Nick Hornby's Juliet, Naked is an endearing work of escapist-quotidian fiction: the characters are everyday-types, and the story, though certainly unique, is not fantastical. Yet reading Juliet creates a place in your mind where even the most criminal of characters would be pleasant over a pint or two. In this case, antagonist Duncan is a whiny twerp but not by any stretch of the imagination is he a malevolent character. You cheer for Annie and Tucker above others, true, but you also cheer for everyone else. And everyone wins, in the end, including the reader.
Duncan is a major Tucker Crowe fan, perhaps the biggest in the world, and Annie, as his girlfriend, is number two by default. Duncan's infatuation with Crowe has become bigger than the artist himself, who created his own myth by disappearing from the public sphere abruptly 20 years earlier and leaving everything else to endless speculation. The novel starts with Annie and Duncan in the U.S., travelling to "sacred" Tucker Crowe spots - the Minnesota bar where he apparently made his last public appearance, his Bozeman, Montana childhood home, and, most crucially, the San Francisco home of Julie Beatty, the namesake of the artist's best and last album, Juliet. It all adds up to an intensely emotional experience for Duncan, and an eye-opening one for Annie, too: she sees Duncan as he is, a hopeless fanatic more attached to a legendary musician than his girlfriend of 15 years.

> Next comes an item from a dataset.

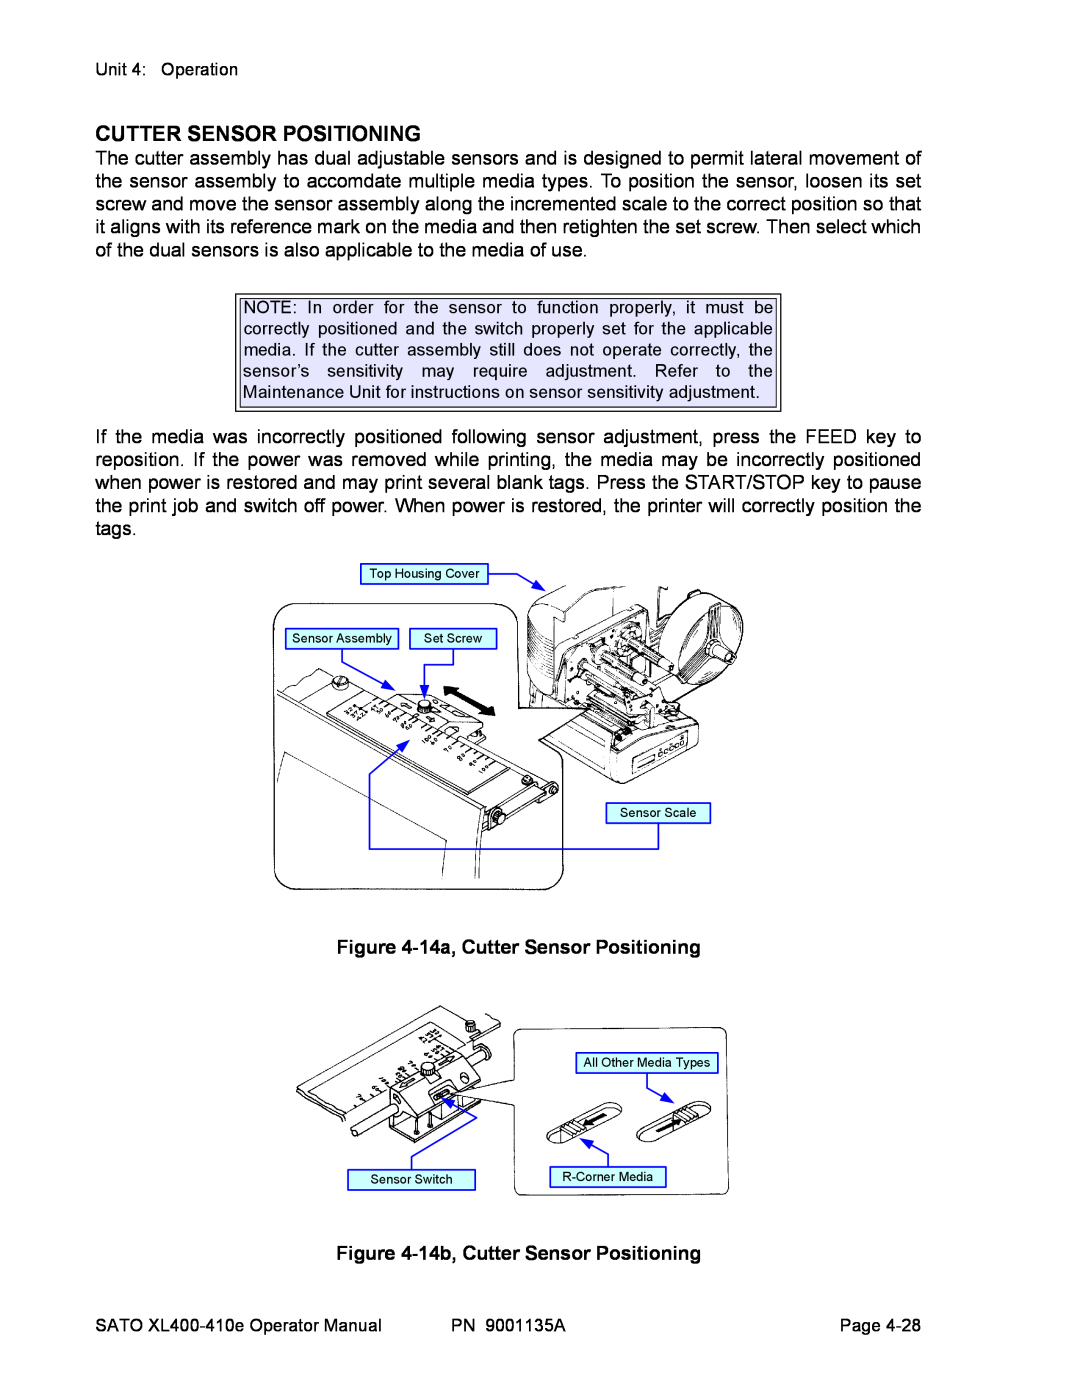 SATO 410e, 400e manual 14a, Cutter Sensor Positioning, 14b, Cutter Sensor Positioning 
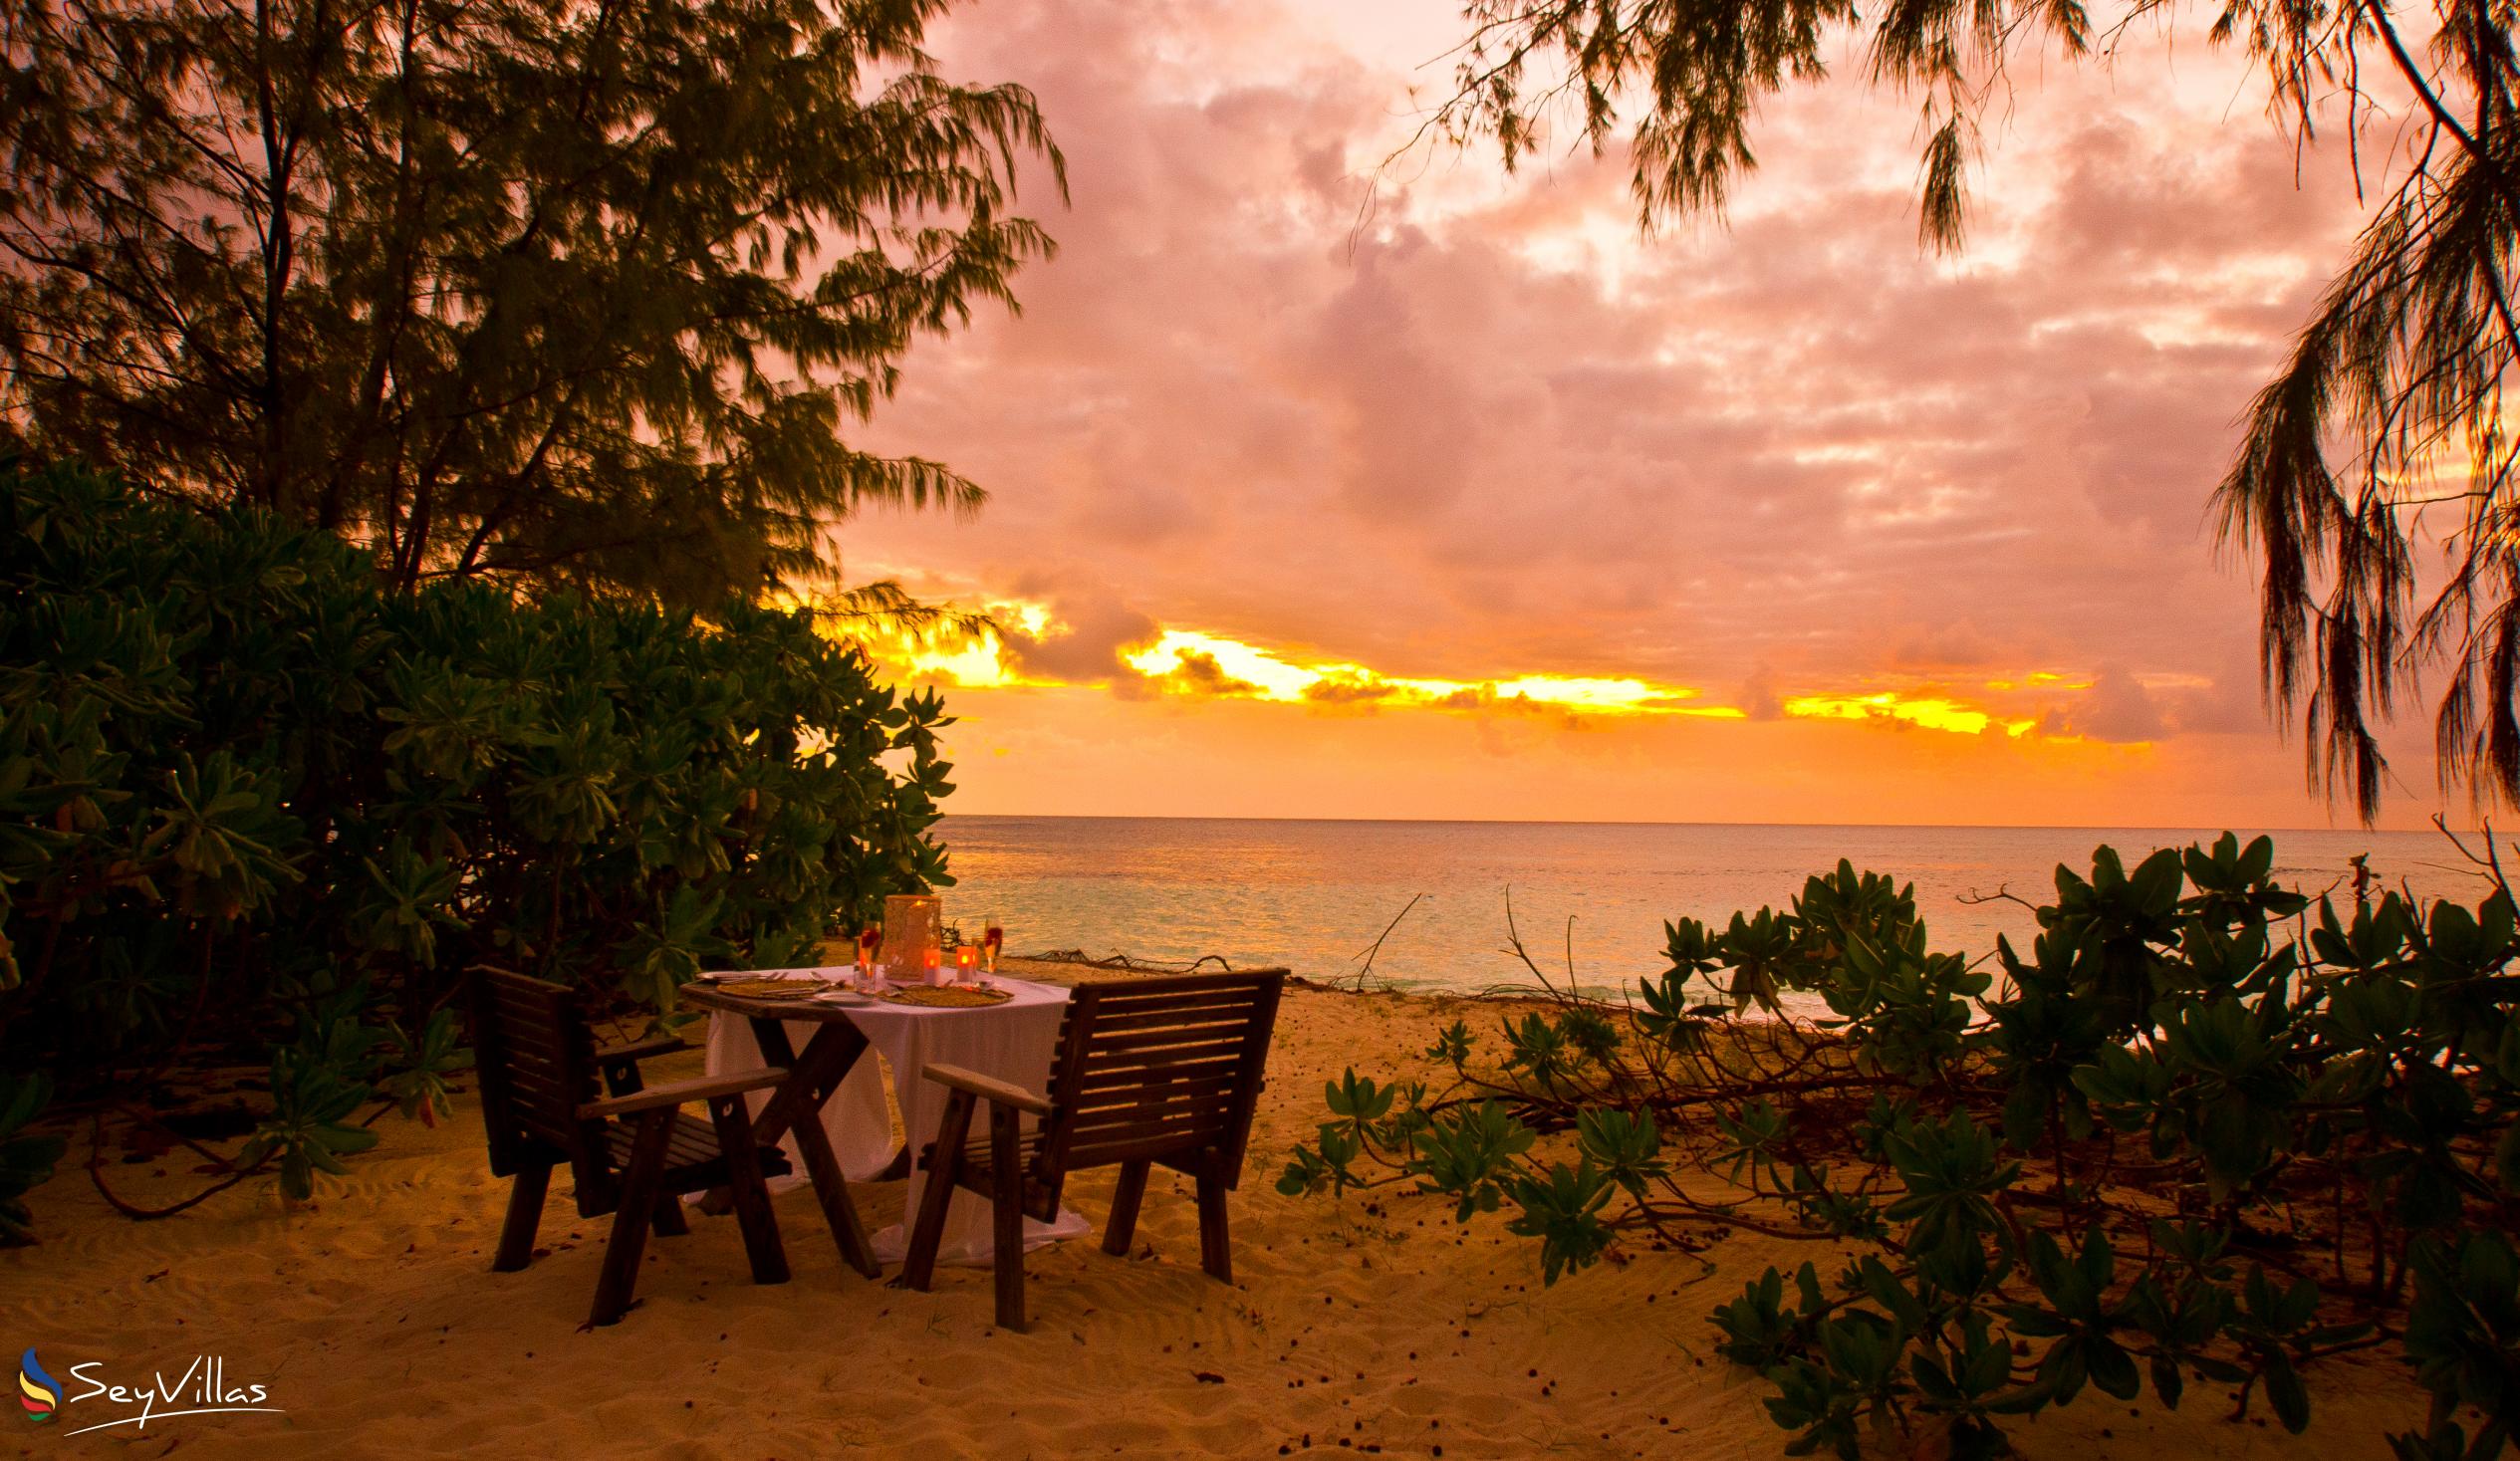 Photo 28: Denis Private Island - Outdoor area - Denis Island (Seychelles)

The story really gets started when Annie listens to a version of Juliet demos about to be released publicly for the first time (The album is called Juliet, Naked). The problem isn't that she listens to the album, but it's that she listens to the album before Duncan gets a chance to - it's an unspeakable breach of trust in his mind, and when she doesn't like the album that he considers sheer brilliance, well, it's all downhill from there. For Annie, however, it's all upside - she gets a chance to change her life, to "get back" those 15 wasted years. But things keep coming back to Tucker Crowe, and when she finally meets the iconic musician, perhaps the irony was too much to resist.
Hornby's writing is a smart as ever in this one. He shows his music chops, creating a love letter to both fans and fanatics of great music. Perhaps only slightly better, however, is his skill at writing about relationships. As in every of his books prior to this one, his depiction of warts-and-all characters and relationships is as appealing as his knowledge of music (his work on An Education is further proof of this). Overall, Juliet, Naked is an great read and should be read by every guy who's ever been in a relationship with music. Five solid gold records out of five.
UPDATE: If you haven't already heard, Nick Hornby is nominated for an Academy Award in the category of Writing (Adapted Screenplay). Watch the results on March 7th. Go Nick!